The Tigers’ 23 turnovers led to 21 points for the Lady Vols, who got the 82-61 win on Sunday.
“I thought we had good looks at the basket,” Fortner said. “I don’t know how many layups we missed, but there were way too many. Tennessee has always been known as a good defensive team. We tended to find some gaps and seams in things they were doing but still had a difficult time finishing the shot. That comes from their size.”
Tennessee had shown plenty of defensive lapses in a rare SEC loss at home to South Carolina on Thursday night. The Lady Vols saw a late seven-point lead slip away in that game as they struggled to cover the Gamecocks’ guards and committed costly turnovers.
Frustrated with the passive effort, the Tennessee coaches went back to the pressure scheme that’s worked so well for the Lady Volunteers in the past.
It appeared to be more of the same early against the Tigers, who hit six of their first nine shots and jumped out to a 9-4 lead quickly.
The Lady Vols (17-6, 8-2) buckled down, coming up with steals and making shots more difficult. By the end of the game, Auburn had 23 turnovers that resulted in 21 points compared to 11 turnovers by Tennessee.
“Mainly it’s us mentally,” Auburn guard Morgan Jennings said. “We just have to slow things down and make good decisions.”
The miscues gave the Lady Vols more of a chance in transition, where the Tigers struggled to guard them. Tennessee finished with 16 points on the break compared to just four by Auburn (11-13, 3-8).
The Lady Vols also dominated the paint, outscoring the Tigers 52-28 there.
“Actually, after the game the kids said, `That was actually fun,”’ associate head coach Holly Warlick said. “When they think it’s fun, we’re going to do it more often, but they’ve got to buy into it. We got success, and when you have success with something you do, it seems to give you more energy.”
Glory Johnson, who had spent much of the South Carolina loss in foul trouble, led the way inside with 14 points and 11 rebounds. Ariel Massengale also scored 14 points, Meighan Simmons added 13 points and Shekinna Stricklen had 11 points and 10 rebounds.
Simmons sank a 3 to knot the game at 14 points with 14:22 in the first half. The basket launched a 7-0 run that put Tennessee ahead for good, and the Lady Vols led 44-31 at halftime.
Tennessee outshot Auburn 50 percent to 37 percent after halftime.

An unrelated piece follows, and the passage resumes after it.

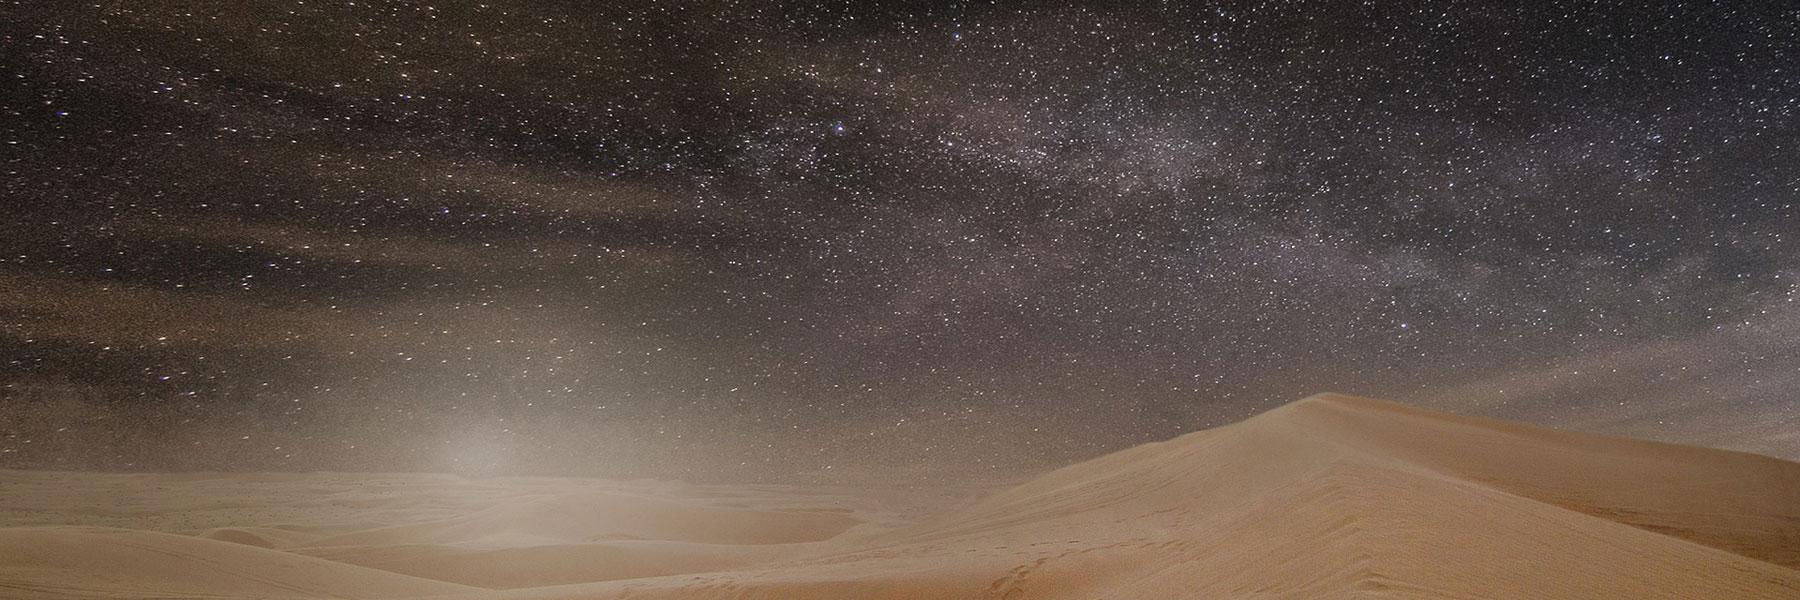 Nuits étoilées dans le désert

Stricklen stole the ball from Blanche Alverson, and Massengale got a layup on the break to make it 56-39 with 13:24 to play.
The Tigers fought back, finding a few paths to the rim as the Lady Vols eased up on their defense late in the game. A short jumper by Hasina Muhammad with 6:54 to play cut Tennessee’s lead to 61-53, but it was as close as Auburn would get.
“We play good for about 34 minutes and then kind of break down,” Fortner said. “It was an eight-point game with 6:51 left, and I think we only had eight turnovers in the half at that time, and it just kind of fell apart on us.”
Simmons answered with a layup. Massengale stole the ball from Muhammad on the next possession, and Johnson rebounded a missed shot by Stricklen and hit a layup to help Tennessee pull away again.
Camille Glymph scored 13 points to lead Auburn, which outrebounded Tennessee 42-39. Tyrese Tanner scored 11 before fouling out with 4:52 to play, and Muhammad finished with 10.
Turnovers cost the Tigers in the first meeting of the teams this season, a 73-52 victory by the Lady Vols at Auburn on Jan. 1. The Lady Vols forced 25 turnovers in that game with their pressure.
“We like that style,” Johnson said. “It’s a lot of hard work. You can see when everyone gets tired, but we talk to each other. We know that it shakes the other team, especially with our presence on the full court. It makes them change their offense, and we like that.”